In medical testing the gold standard is "randomized double blind" where, for example, a group of people all get pills but half get a placebo capsule filled with sugar while the other half get the medicine. This is because results differ, depending on what people think they're getting; evaluations differ, depending on whether the examiner thinks the test was done or not. (One study found that people who got pills that they were told were expensive reported better results than people who got pills that were said to be cheap – even though both got placebos.)

Getting a true random sample is tough.
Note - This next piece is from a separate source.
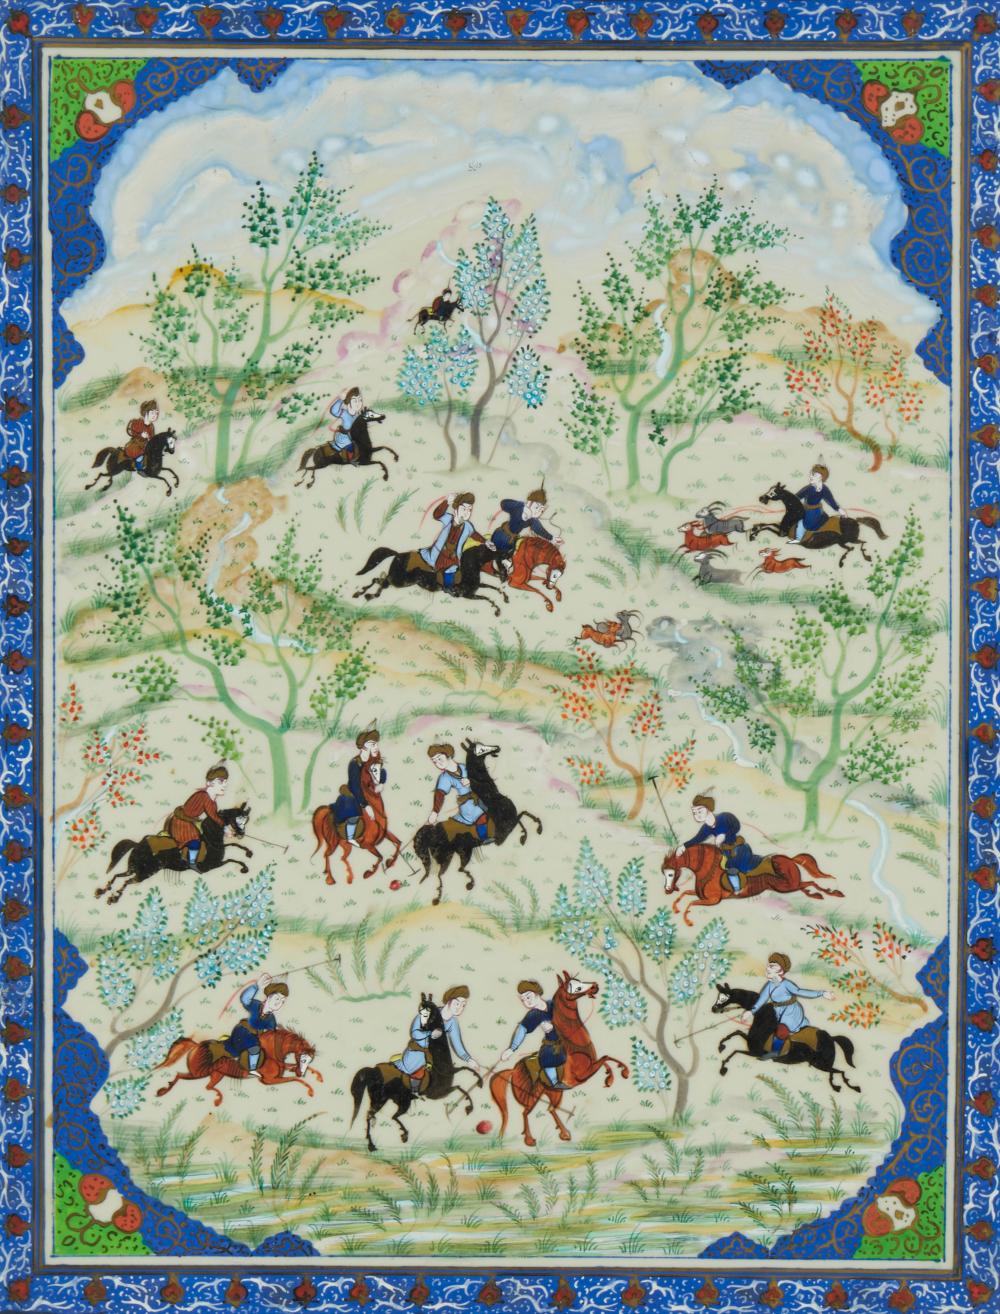 A PERSIAN PAINTING ON IVORINEA 2ee895

Randomly picking telephone numbers doesn't do it since younger people are more likely to have only a mobile number not a land line. Online polls aren't random. Online reviews of a product certainly aren't random. Government surveys such as the ones we've used are pretty good – some smart statisticians worked very hard to ensure that they're a random sample. But even these are not good at estimating, say, the fraction of undocumented immigrants in a population.

There are many cases that are even subtler. This is why most sampling will start by reporting basic demographic information and comparing this to population averages. One of the very first questions to be addressed is, "Are the reported statistics from a representative sample?"